Church in Wales consultation to 'reimagine' its purpose

  • 8 November 2011
  • From the section Wales
St Paul's Church, Grangetown, Cardiff
Image caption Some churches such as St Paul's in Grangetown, Cardiff, face repair bills of up to £1m

The Church in Wales has to "reimagine" its purpose as it approaches its centenary, according to a bishop.

The first of six public meetings takes place in Carmarthen later on Tuesday as part of a wide-ranging review.

Bishop of Bangor Andrew John says the church needs to use its stock of buildings more creatively and adapt to better serve modern Wales.

"If all that we do is concentrate on a Sunday we're missing a trick or two," he said.

'Significant change'

A review led by the former Bishop of Oxford, Lord Harries, is already under way into how the Church in Wales should restructure and reinvent itself in time for its centenary in 2020.

The Archbishop of Wales, Dr Barry Morgan, urged officials to be open to "significant change" when he launched the review in April.

Public meetings in the six dioceses in November and January will give worshippers and other interested parties the opportunity to share their views on the church's future direction.

A team of consultants will generate a plan for change based on responses received during the review.

Figures from the Church in Wales show that while adult membership had fallen by almost two thirds since numbers were first recorded in 1959, the number of churches has fallen by less than a quarter.

Mr John told BBC Radio Wales the church had to recognise the challenge of staying relevant to modern Wales in the face of declining attendances and falling income.

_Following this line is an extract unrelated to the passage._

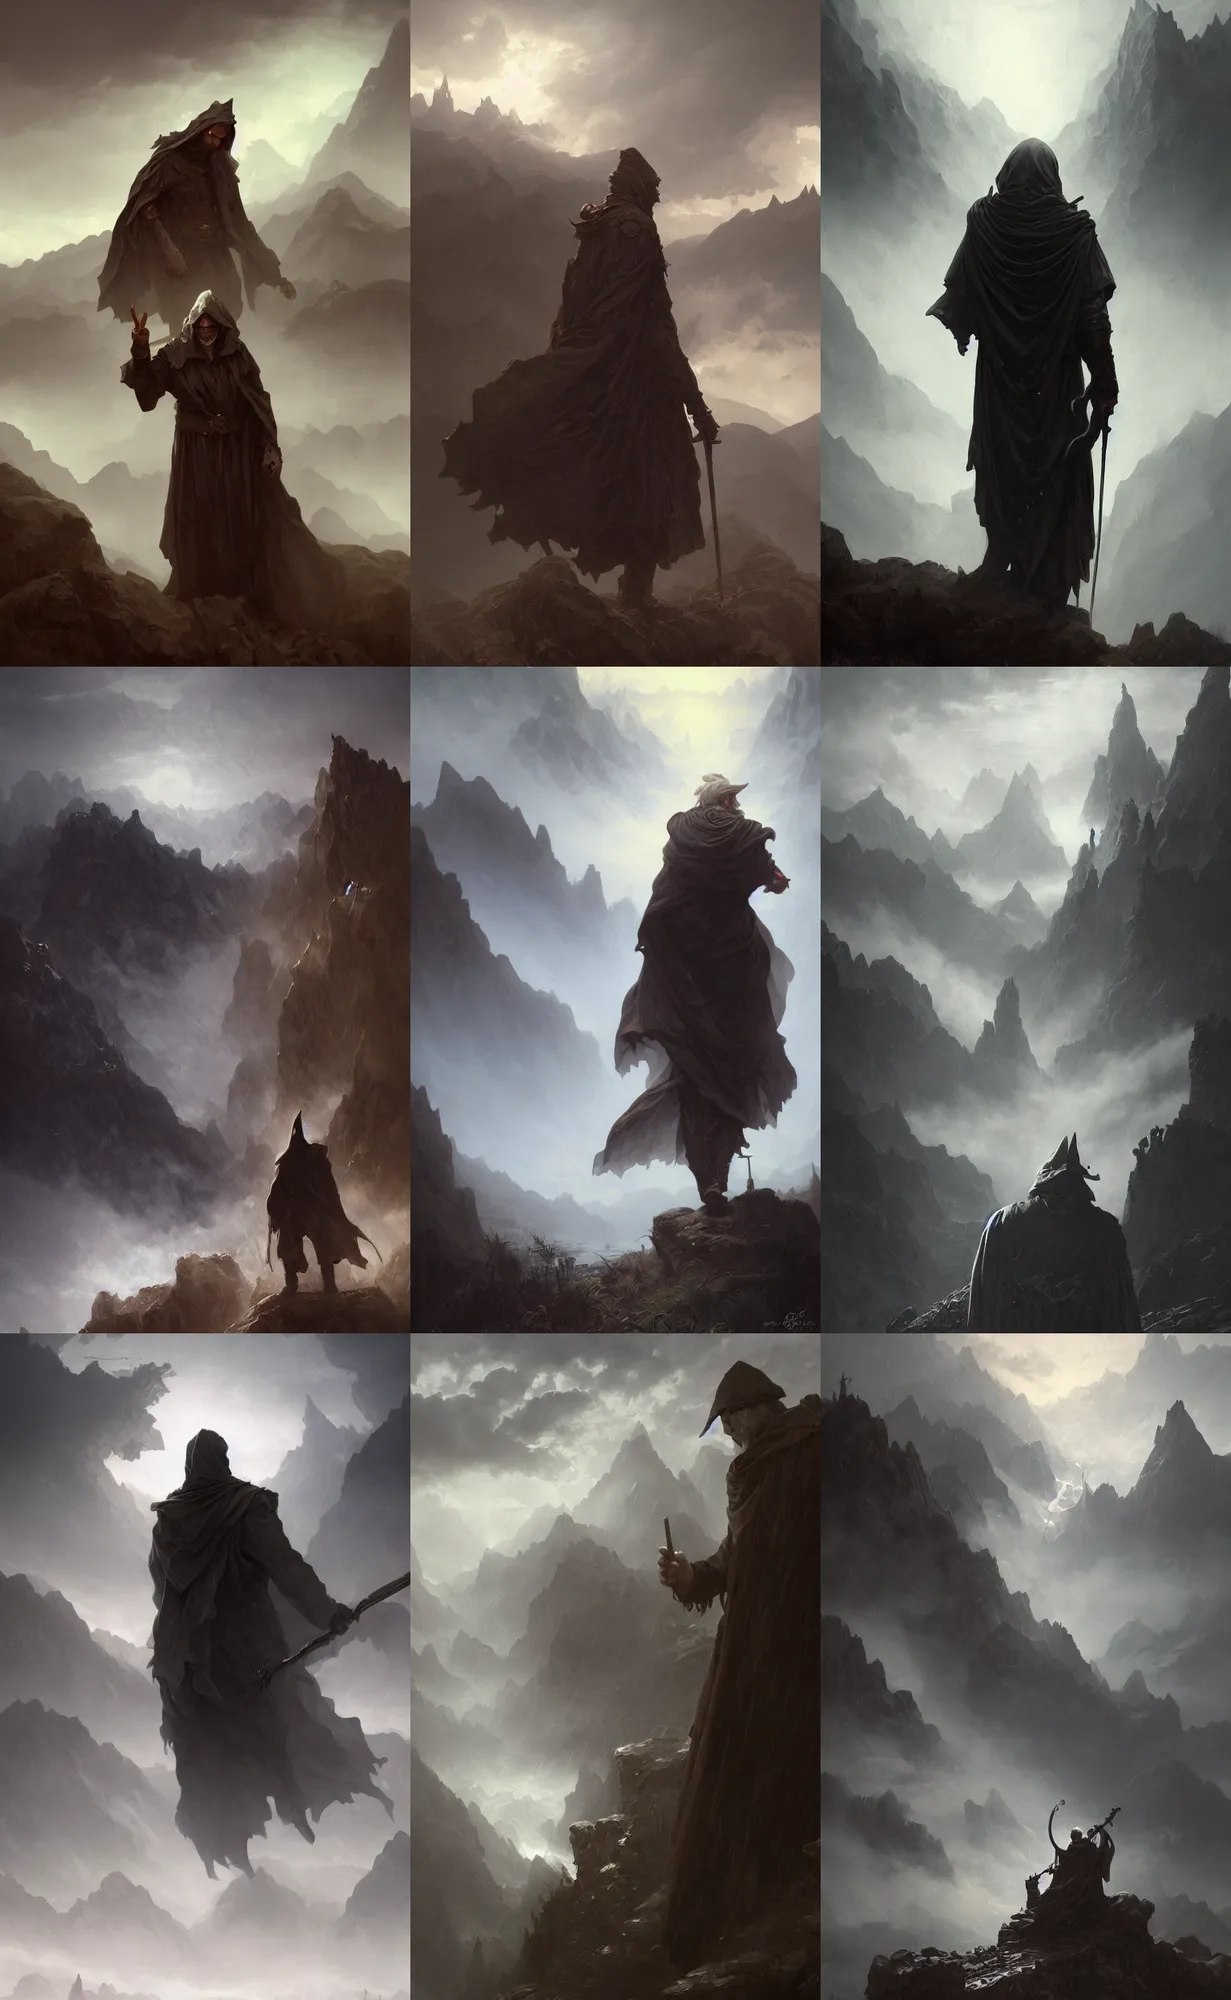 Prompt: old male warlock, ghost, mountains, dark fantasy, fog, clouds, rain, wind, intricate, highly detailed, artstation, illustration, jurgens, rutkowski, bouguereau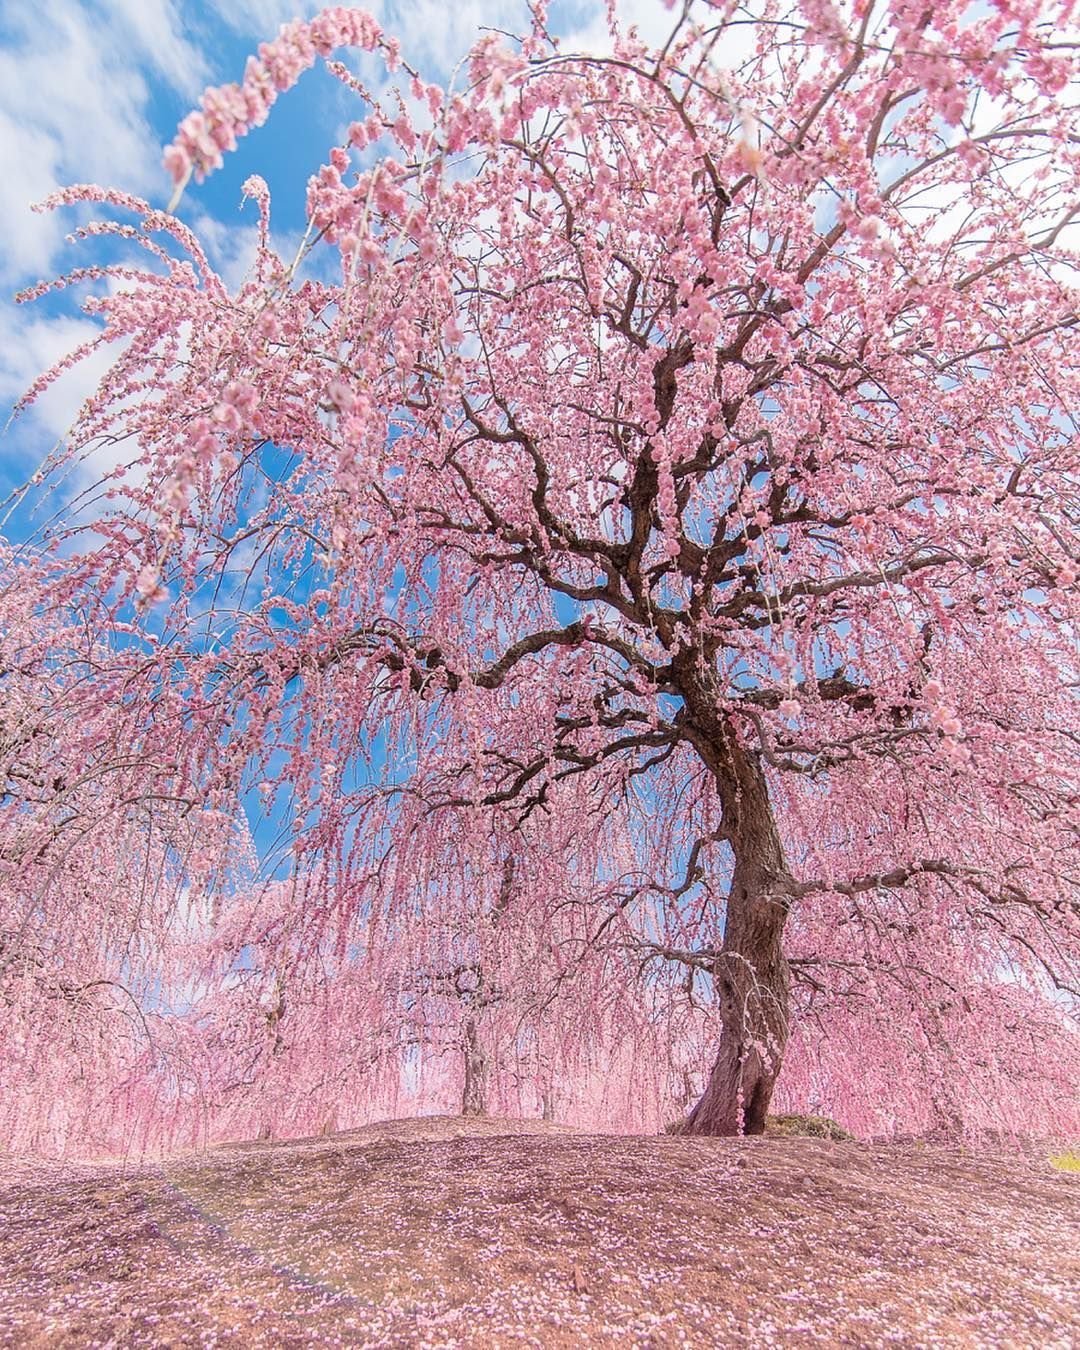 Цветущее дерево без листьев. Сакура дерево. Розовое дерево. Красивое цветущее дерево. Дерево срощовыми листьями.

"We've got too many buildings - we have to be honest about that," he said.

"They're extremely expensive to run - we know there are countless other chapels in most of our towns and villages. We need to think creatively about the way in which we share our buildings with others.

"We also need to look at the way in which we fund ministry," he added.

"At the moment about 80% of what the church raises goes towards stipendiary ministry - there's less of that coming so we need to be quite creative about the way in which we do that.

"But perhaps the biggest challenge of all is to reimagine what good ministry to the people of Wales might look like today."

Broader mission

Projects such as a food bank in Bangor and work with drug addicts on Anglesey were examples of ways in which the church was involving itself more widely in the community, the bishop said.

"The church has to redescribe what good news looks like - if it's only about Sunday attendance then we haven't understood what all this is all about," he said.

Mr John said he believed the church had an advantage over its counterpart in England in being "slightly removed" from government, and hoped that people would respond to its invitation to discuss the future.

"It's really important that the Church in Wales does engage and asks people 'what is your vision, what do you want the church to look like' as we approach this milestone in the life of the Church in Wales," he said.

"I'm hopeful that these discussions will set the agenda for the next ten, twenty years and beyond."

In February, the Church in Wales revealed that it needed £12m a year to repair its 1,000 listed churches.

But proposals to close church buildings have occasionally proved controversial.

Worshippers in the south Wales valleys staged a sit-in at All Saints Church in Maerdy in July to prevent its closure, eventually striking an agreement to buy the building for £1,000.